When it comes to what's squeezing the middle class and imposing a glass ceiling, housing prices are the #1 problem. Student loans and healthcare costs might tie for #2. I think we're getting to the point that we need a "war on housing prices" in the developed world. That's going to mean going to war politically against NIMBYs, property speculators, and others who profit from restricting supply.

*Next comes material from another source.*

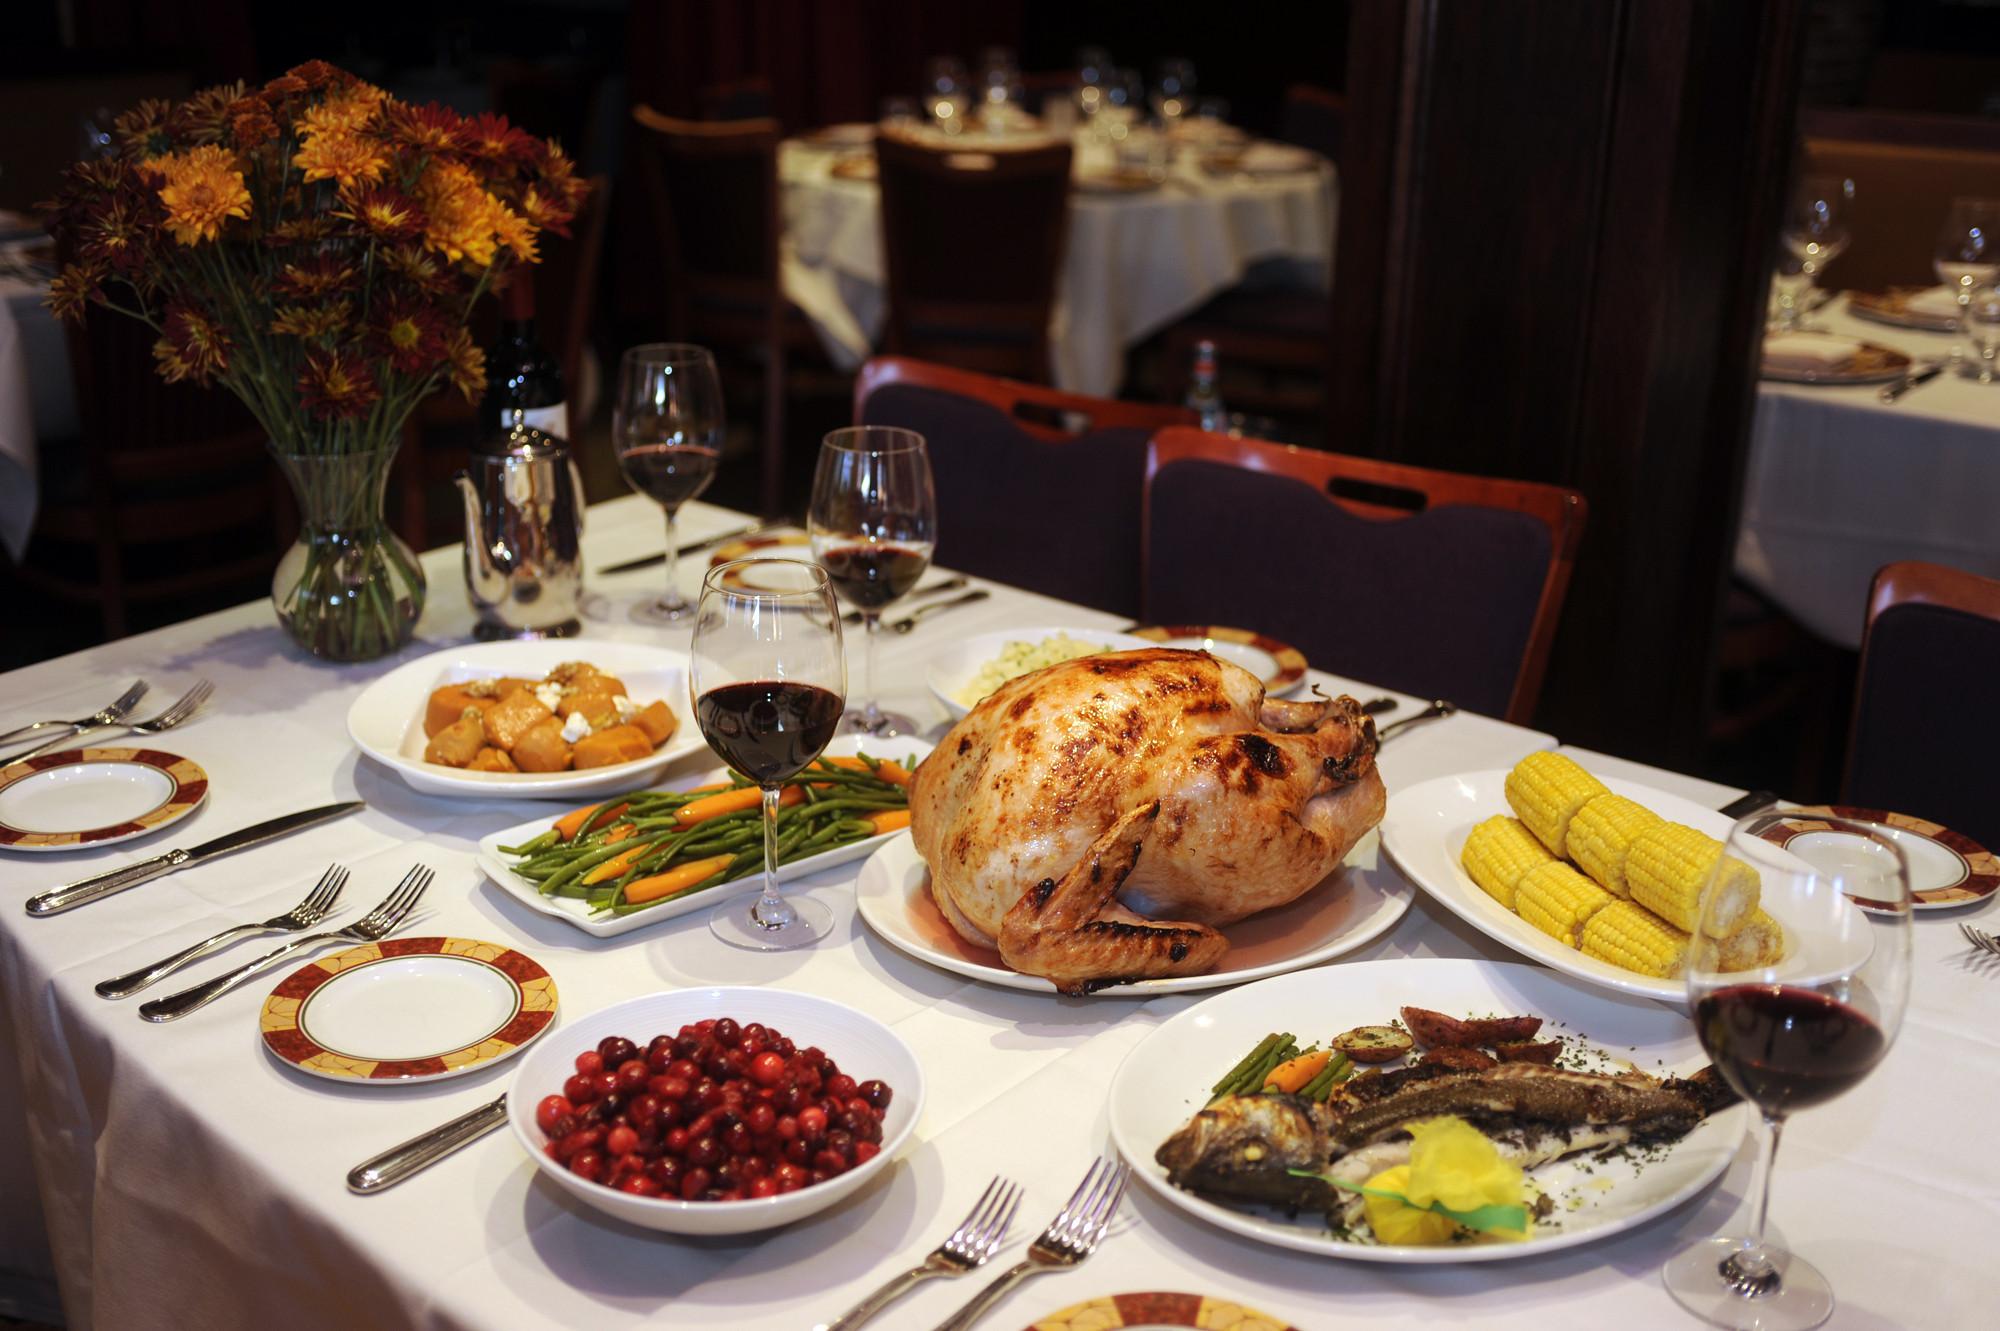 Thanksgiving Dinner Restaurants  Where to dine on Thanksgiving Day in Baltimore

Here's a few of the major things we need:

* Huge (to the level of punitive) taxes on excessive property speculation especially when the speculators are from elsewhere. I was chatting with a friend about it a while back and coined the term "financial pollution" for when foreign capital does socially destructive things to communities like hyper-inflate house prices. In California a start would be to abolish proposition 13 for properties that are not owner-occupied. Housing can't simultaneously be affordable and a good investment. It exists to be lived in, not to act as a financial instrument.

* Apply full KYC/AML and other anti-dirty-money regulations to all real estate transactions to chase the money launderers and flight capital away from real estate. This one is rarely brought up but it would go a long way toward limiting runaway property speculation in certain "hot" markets. A lot of this money buying houses sight-unseen is dirty money.

* Restrict the power of NIMBYs to limit density by enacting laws at the city, county, or state level. Go as high as necessary.

* Greatly expand transit to enable cities to physically expand. This includes light rail, commuter rail, highways, EV infrastructure, etc.

A lot of this boils down to fighting NIMBYs since existing property owners have a financial vested interest in opposing all of the above.